───── GIVEN DATA ─────
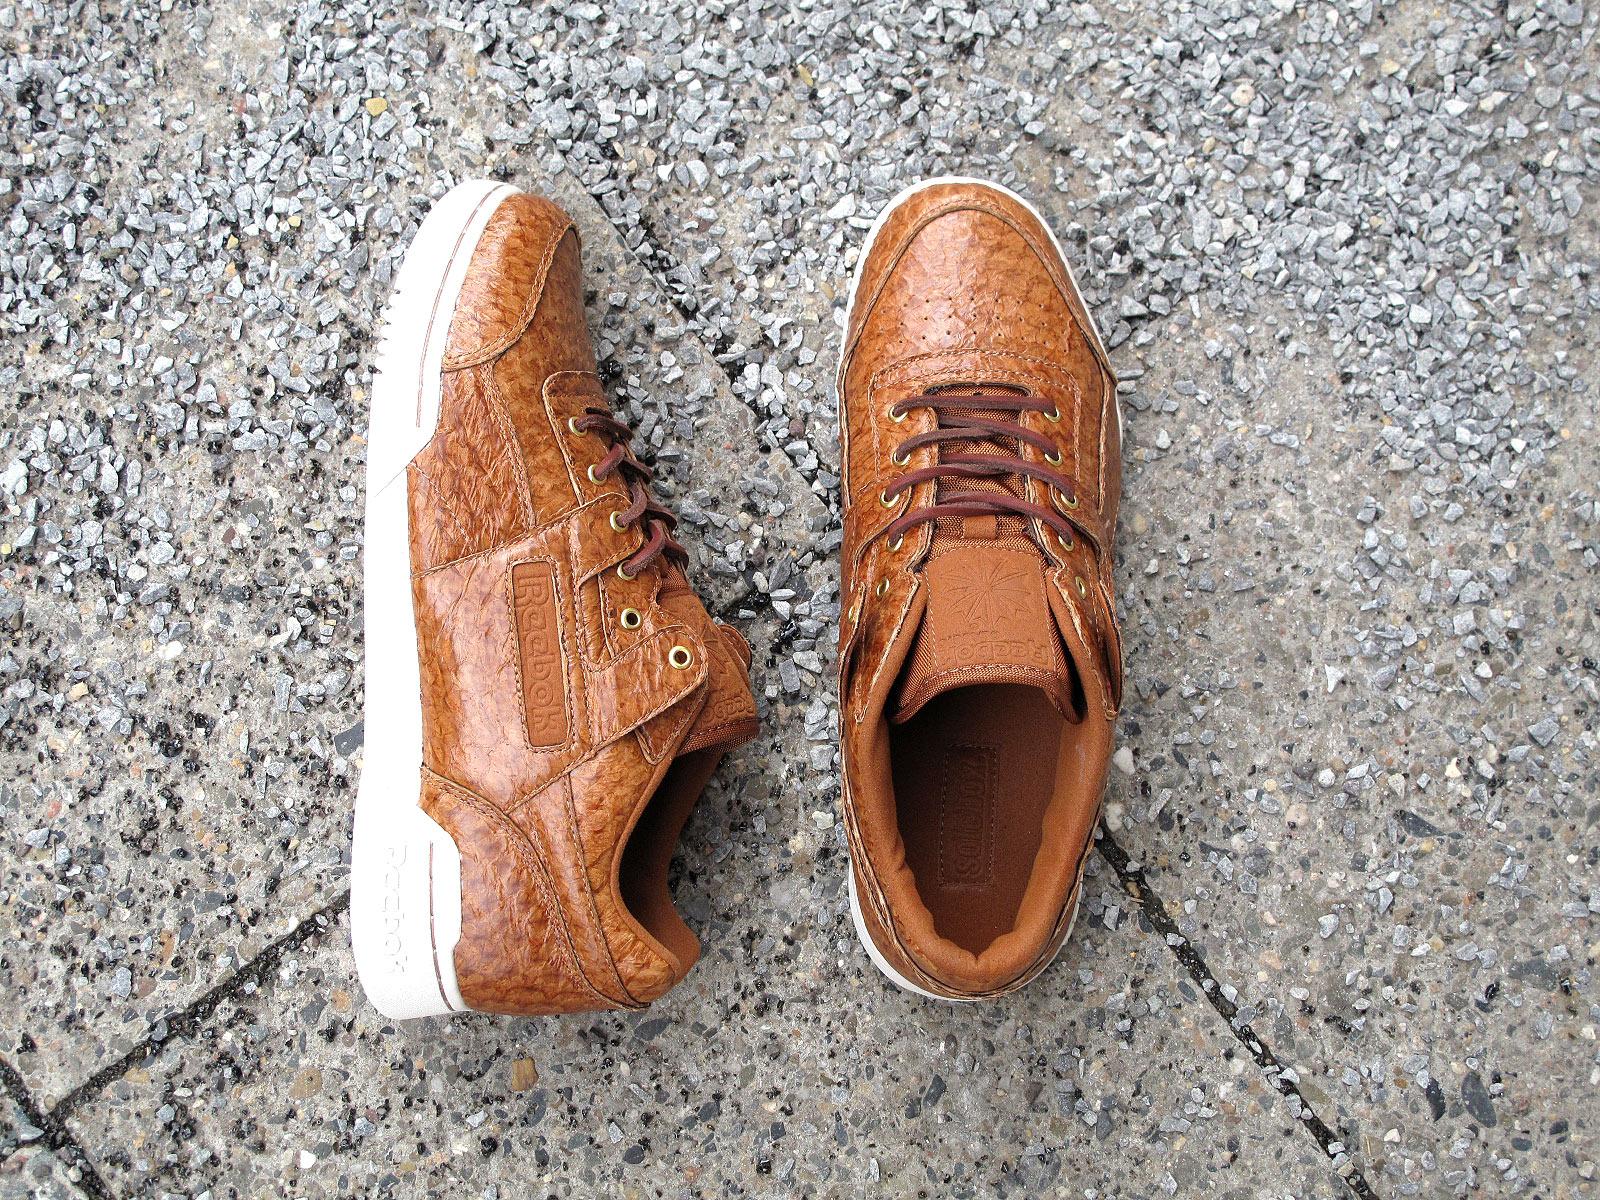 first rate 67183 4333a Den wohl exklusivsten Schuh hat Solebox für Reebok entworfen. Dazu wurde  Tilapia Fischleder verwendet, das ihn extrem edel macht.
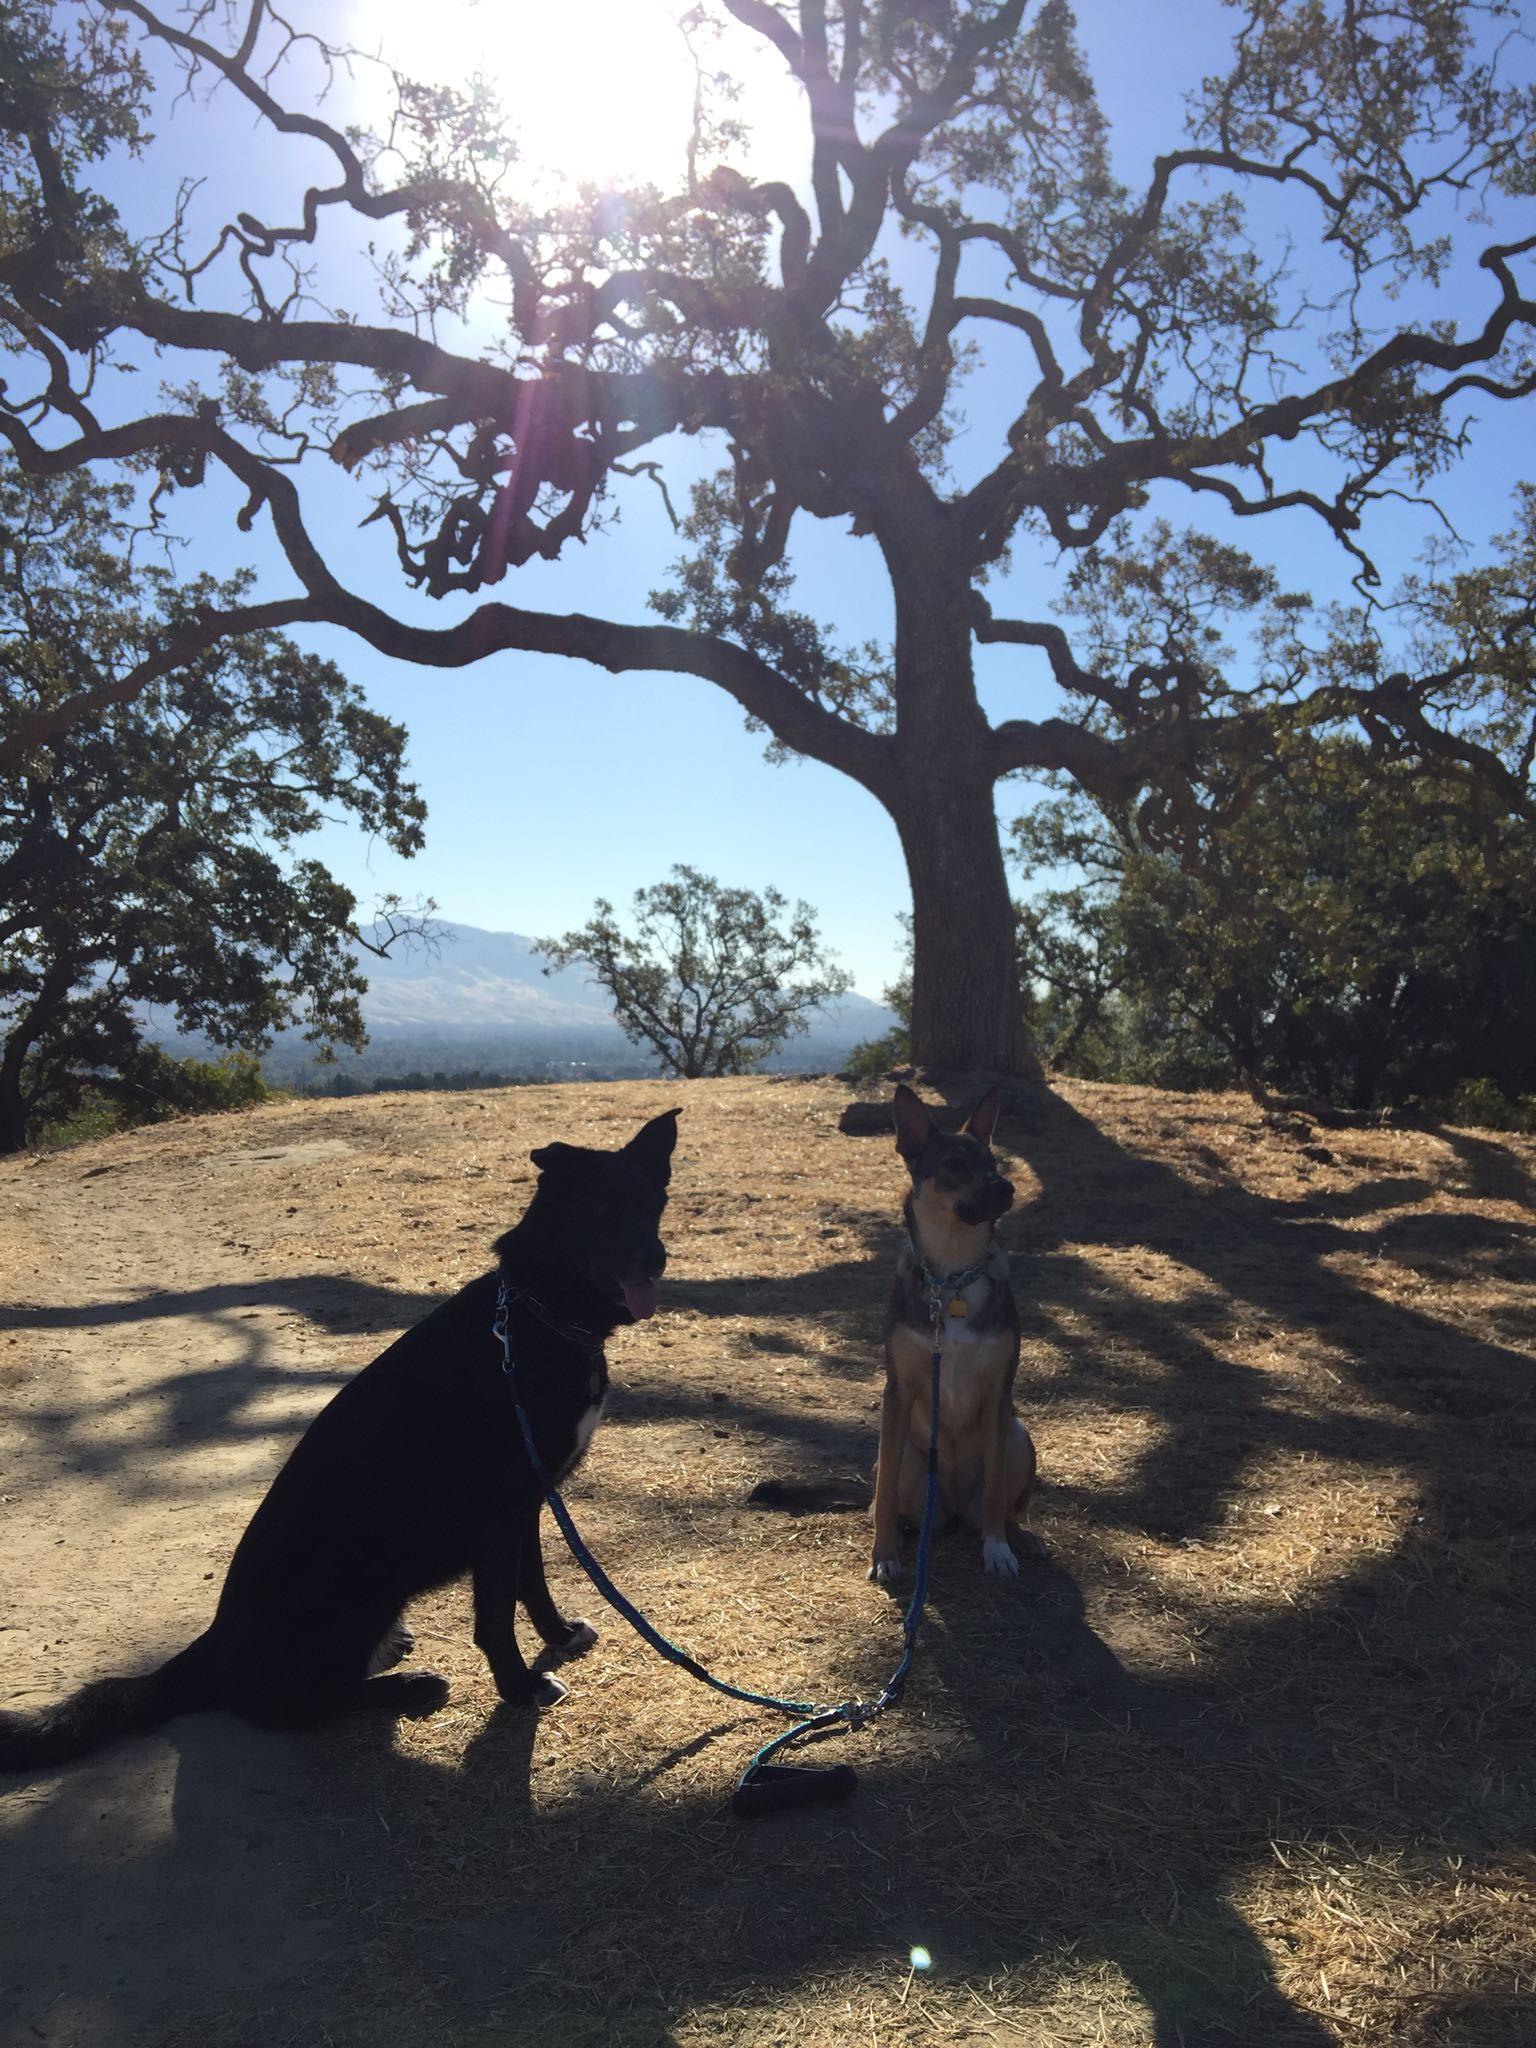 Enjoying the outdoors http://ift.tt/2d13nGe
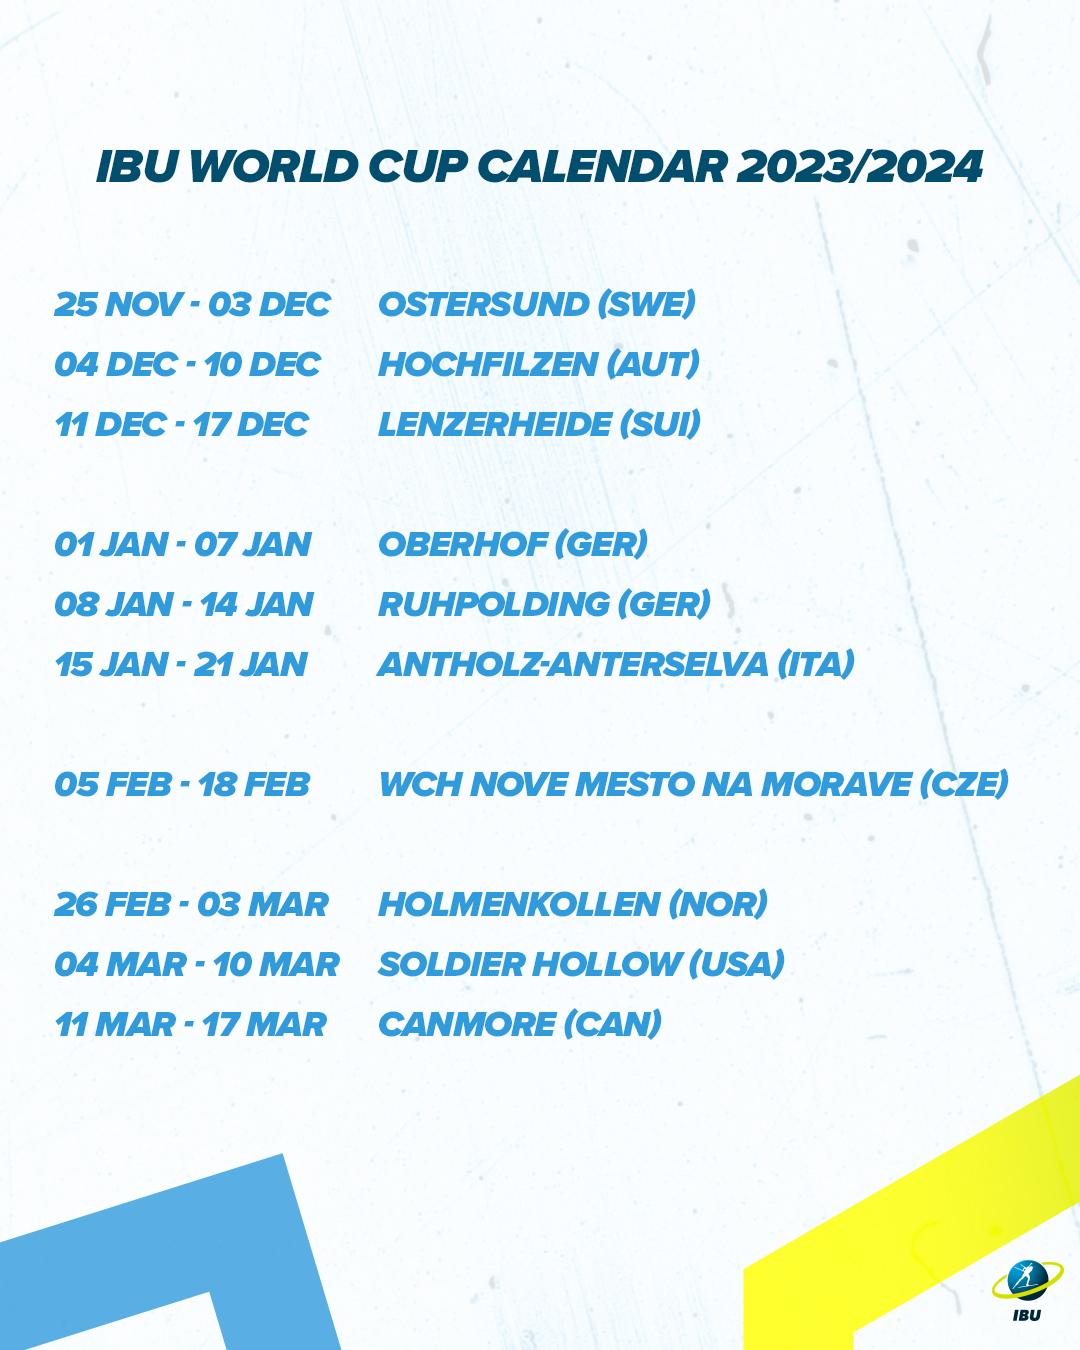 Calendrier Biathlon 2022 2023 Biathlon   Le Grand Bornand au programme en 2021, 2022, 2024 et
─────
» **ASSIGNMENT**:
In the data above, find the line containing "Enjoying the outdoors http://ift.tt/2d13nGe", then output it and every later line exactly, without the pictures.

» **ANSWER TO THIS EXERCISE**:
 Enjoying the outdoors http://ift.tt/2d13nGe
 Calendrier Biathlon 2022 2023 Biathlon   Le Grand Bornand au programme en 2021, 2022, 2024 et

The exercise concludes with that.